Rubinstein touted the valuable skill sets Valley students develop living along the border, including bilingualism and increased cultural competency, and encouraged students to take advantage of the opportunities that are now available to them to pursue an education and develop real life experiences through internships.
"I can't tell you how many folks we have taken on in the various internship programs that we have whenever we have an opening. You already know them when they come for an interview. They come with a better skill set because they already understand what we do as an agency," he said.
Graduates from new degree programs being offered by UTPA, like the one in environmental science, will find an increasing number of jobs not only nationally but locally either with government in a regulatory capacity or in the private sector as consultants or with environmental advocacy groups, Rubinstein said.

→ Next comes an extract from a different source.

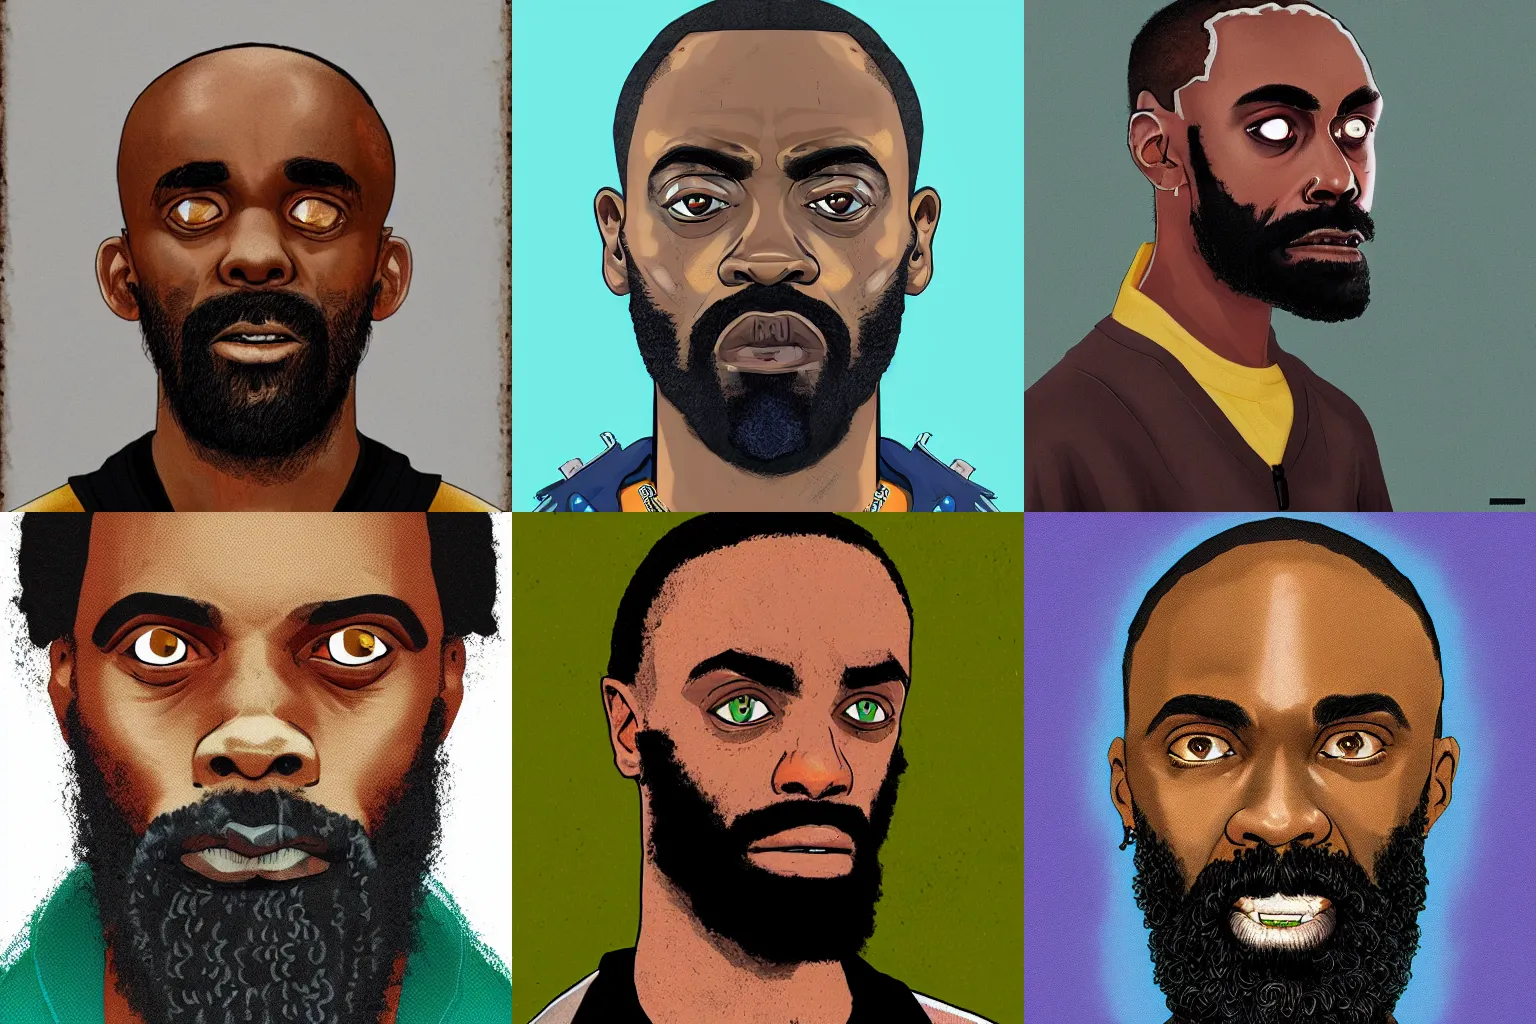 Prompt: mc ride, stefan corbin burnett, from death grips in the style of a disco elysium character portrait

When he came out of high school, Rubinstein said the future did not appear as hopeful for Valley students because there weren't as many opportunities open to them as there are now.
"I wondered, 'Am I going to be able to find a job for what I want to do, can I get a quality education?' Now I know that in every sense of the word you absolutely can. I think Pan American is a huge reason why we are able to now have those opportunities. You can't help but be proud of that, " he said.